ININFA   02677
INSTITUTO DE INVESTIGACIONES FARMACOLOGICAS
Unidad Ejecutora - UE
congresos y reuniones científicas
Título:
METHAMPHETAMINE AND MODAFINIL ELICIT DIFFERENTIAL EPIGENETIC AND FUNCTIONAL PROFILES IN THE MOUSE MEDIAL PREFRONTAL CORTEX
Autor/es:
JAYANTHI, SUBRAMANIAM; FRANCISCO URBANO; BETINA GONZALEZ; EDGAR GARCIA-RILL; JEAN LUD CADET; VERONICA BISAGNO
Lugar:
Paris
Reunión:
Congreso; ISN-ESN Biennial Meeting; 2017
Institución organizadora:
International Society for Neurochemistry
Resumen:
Methamphetamine (METH) addiction presents with specific behavioral alterations that suggest long-lasting changes in gene regulation within brain nuclei of the reward circuitry, including the medial prefrontal cortex (mPFC).
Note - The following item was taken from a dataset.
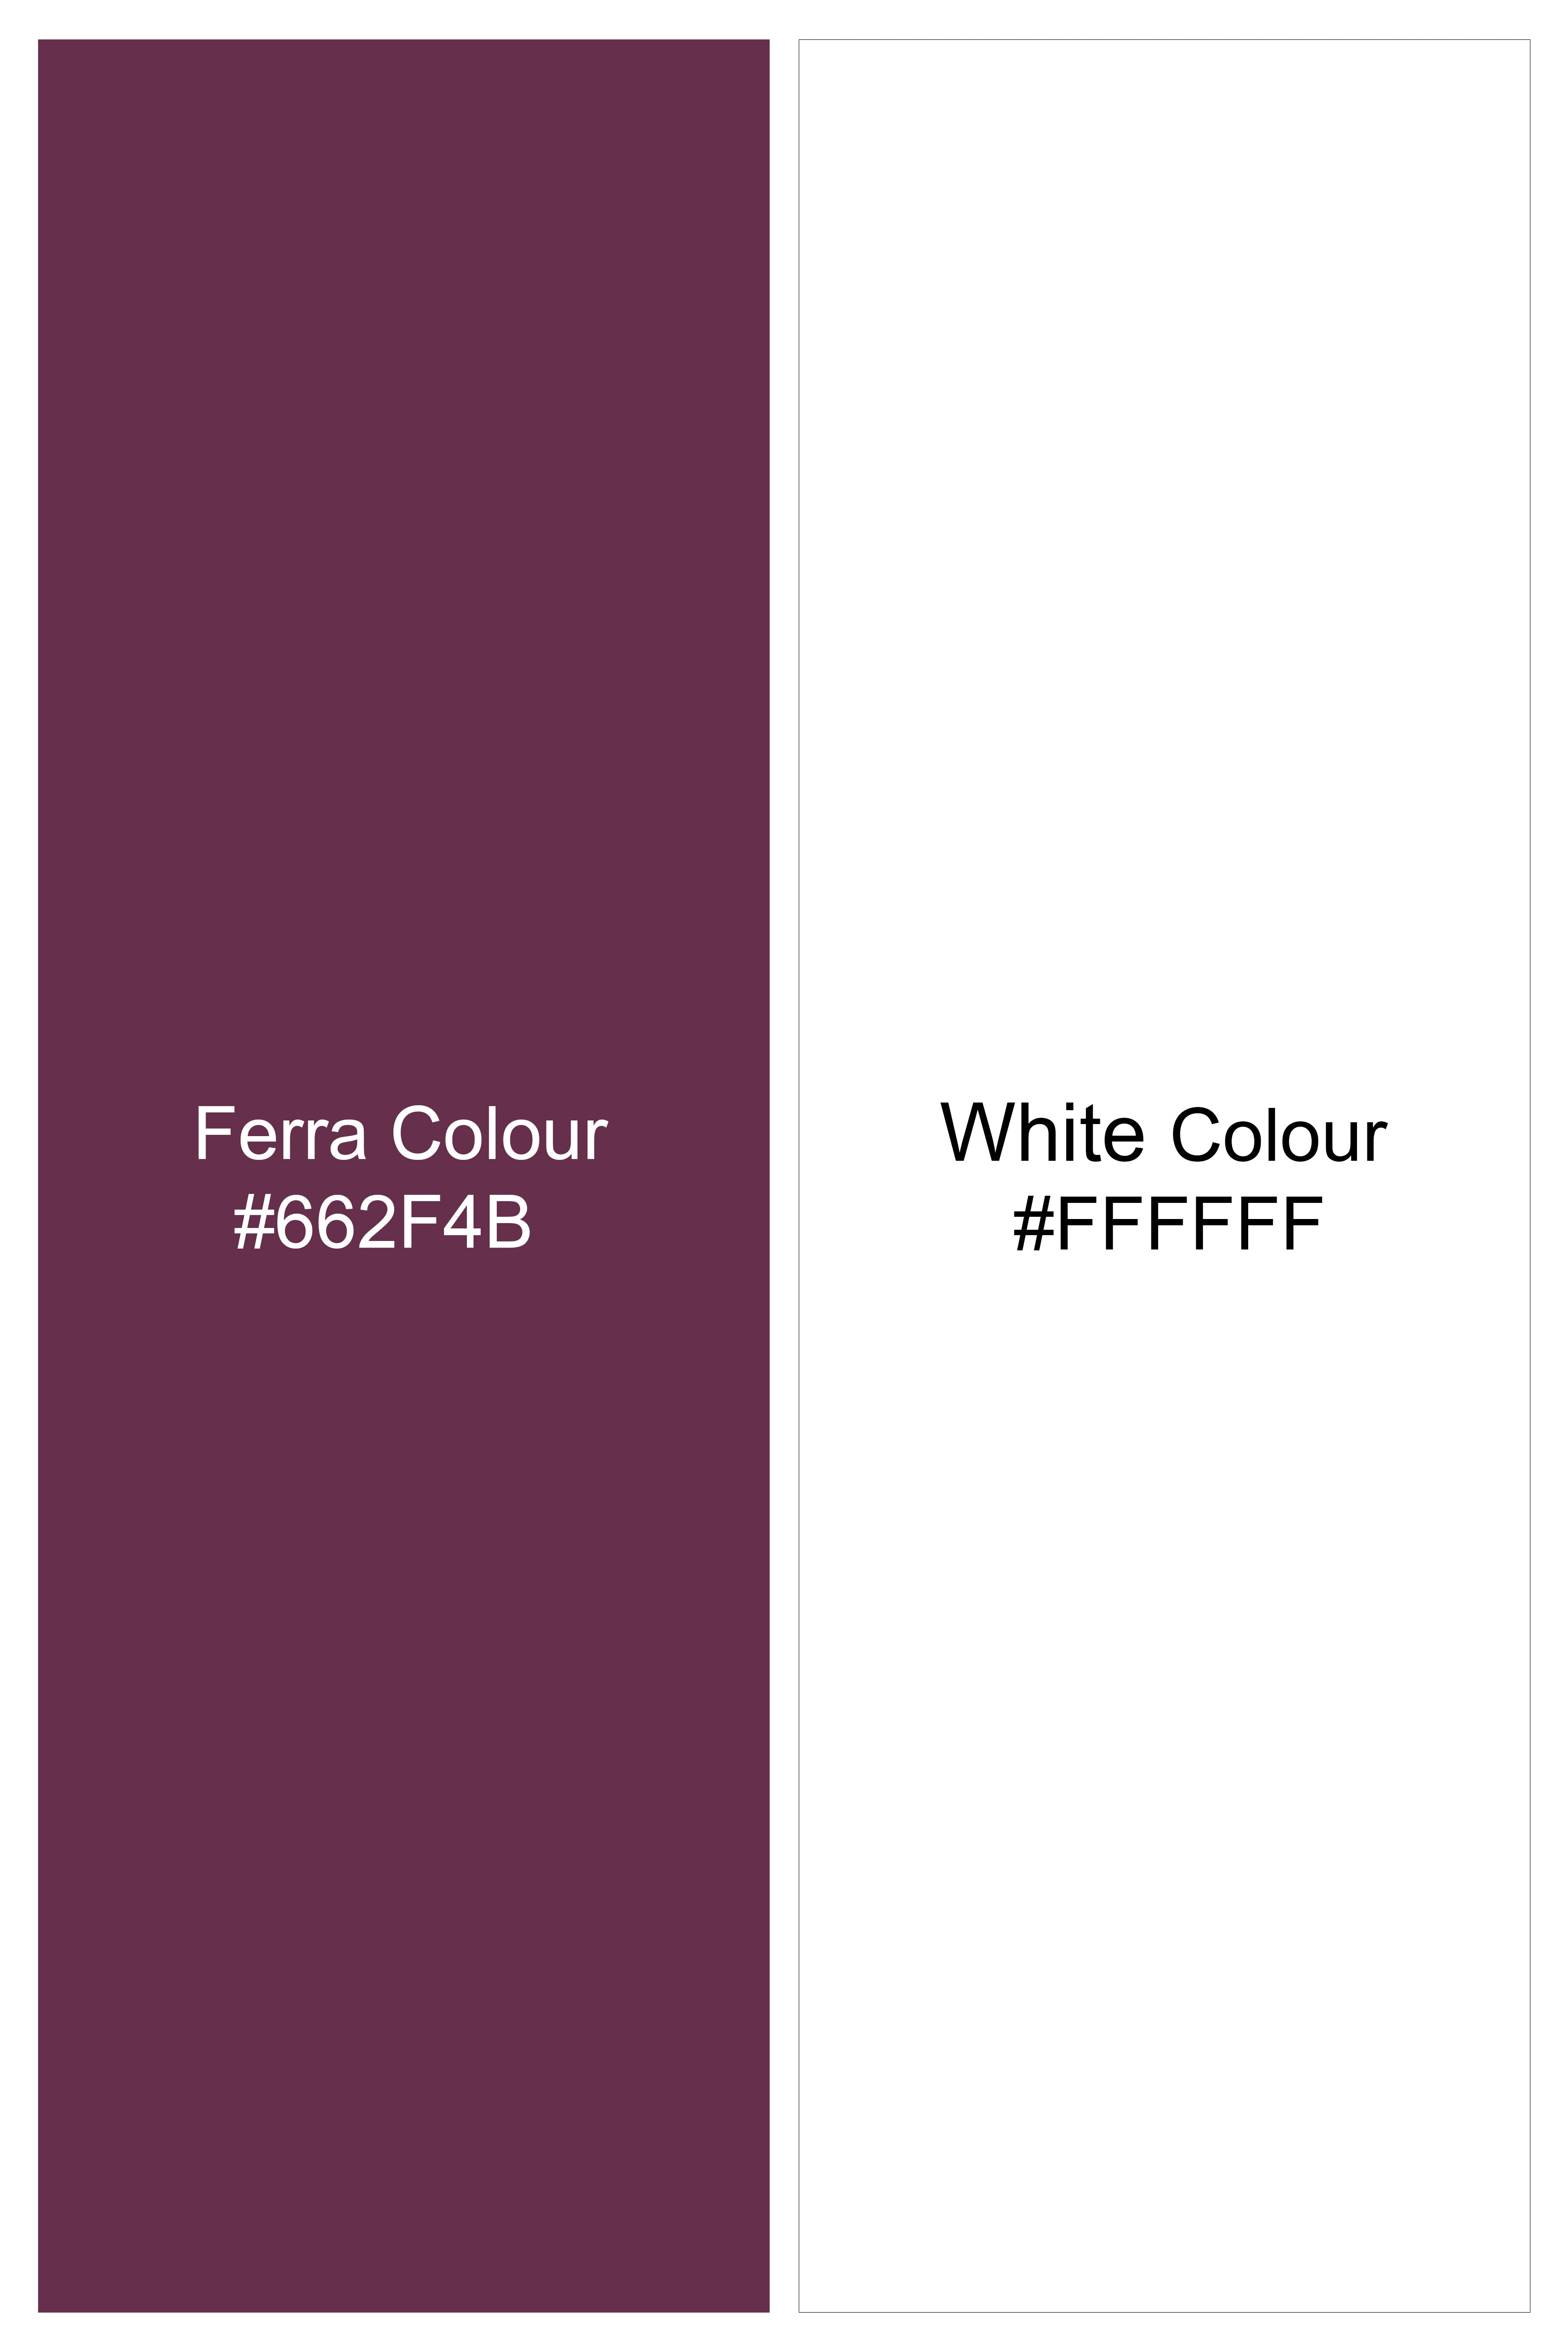 Ferra Wine Checkered Hand Painted Dobby Textured Premium Giza Cotton Shirt 6448-CA-ART-38, 6448-CA-ART-H-38, 6448-CA-ART-39, 6448-CA-ART-H-39, 6448-CA-ART-40, 6448-CA-ART-H-40, 6448-CA-ART-42, 6448-CA-ART-H-42, 6448-CA-ART-44, 6448-CA-ART-H-44, 6448-CA-ART-46, 6448-CA-ART-H-46, 6448-CA-ART-48, 6448-CA-ART-H-48, 6448-CA-ART-50, 6448-CA-ART-H-50, 6448-CA-ART-52, 6448-CA-ART-H-52

METH negatively impacts the mPFC function, leading to decreased function and longstanding cognitive decline both in humans and animal models. Given the persistence of the addiction phenotype at both behavioral and transcriptional levels, increasing evidence implicate epigenetic mechanisms of gene regulation behind the neurobehavioral adaptions induced by psychostimulants. Also, psychostimulant drugs are known by their pro-cognitive effects, in part by its ability to increase PFC function, such as modafinil. Interestingly, modafinil has shown little abuse liability. The aim of the present study is to identify differential markers of METH and modafinil actions on epigenetic and functional targets in the mPFC, that may help identify pathways associated with addictive vs cognitive enhancing traits of these stimulants. Mice received METH (1 mg/kg) or modafinil (90 mg/kg) single dose acute treatment (sacrifice 1hr later) or subchronic daily7 days-treatment (sacrifice withdrawal day 4). METH single dose treatment induced paired-pulse facilitation of EPSCs in D1-expressing layer V pyramidal neurons (patch clamp in BAC-Drd1a-tdTomato), suggesting reduced presynaptic probability of glutamate release, whereas modafinil had no effect. We found reduced dopamine receptors Drd1a and Drd2 mRNA expression after METH, whereas modafinil increased expression of Drd2 and c-Fos compared to controls. Both stimulants acutely decreased H4ac and increased H3ac, HDAC2 and NMDA GluR1, compared to controls. H4ac, HDAC2 and GluR1 effects were blocked by D1 antagonist pretreatment, whereas H3ac effect was not. Subchronic METH and modafinil decreased H4ac and GluR1 expression, whereas only METH showed decreased H3ac and HDAC2. These differences could be related to METH-dependent detrimental effects on mPFC vs the pro-cognitive profile induced by modafinil in experimental and clinical settings.